(The input begins)
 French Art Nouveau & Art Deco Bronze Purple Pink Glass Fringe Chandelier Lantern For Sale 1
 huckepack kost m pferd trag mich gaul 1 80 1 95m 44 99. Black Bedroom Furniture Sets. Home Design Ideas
(The input ends)
(The input begins)
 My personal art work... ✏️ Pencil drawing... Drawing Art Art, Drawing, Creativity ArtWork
(The input ends)
(The input begins)
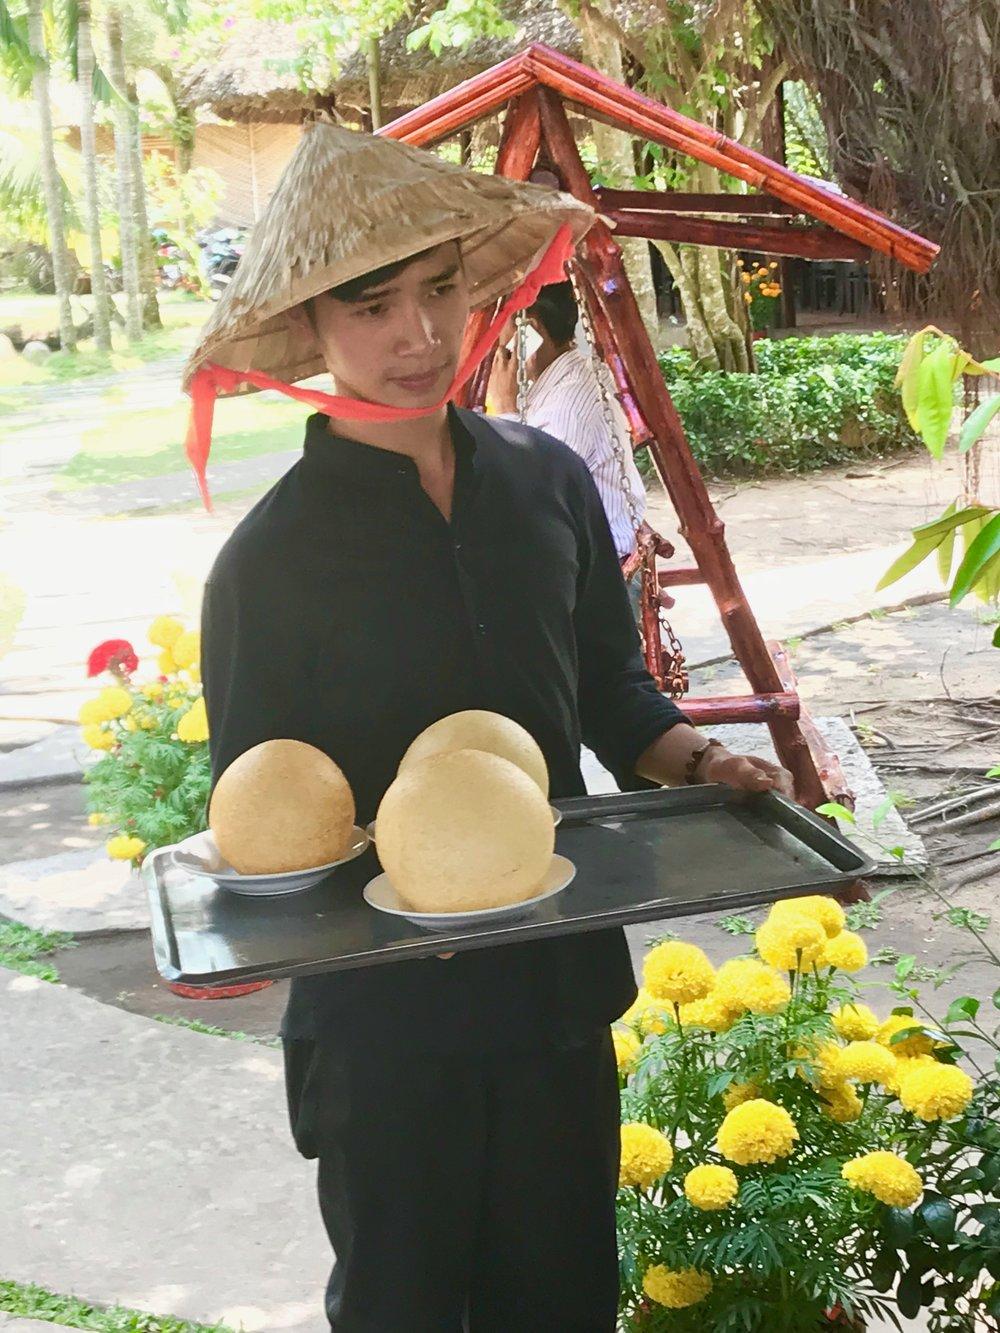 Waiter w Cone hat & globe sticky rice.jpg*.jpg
(The input ends)
### [About this task]
The response should be the listing above, limited to the lines between the one holding "French Art Nouveau" and the one holding "huckepack kost m", inclusive, reproduced exactly.

### [Worked solution]
 French Art Nouveau & Art Deco Bronze Purple Pink Glass Fringe Chandelier Lantern For Sale 1
 huckepack kost m pferd trag mich gaul 1 80 1 95m 44 99. Black Bedroom Furniture Sets. Home Design Ideas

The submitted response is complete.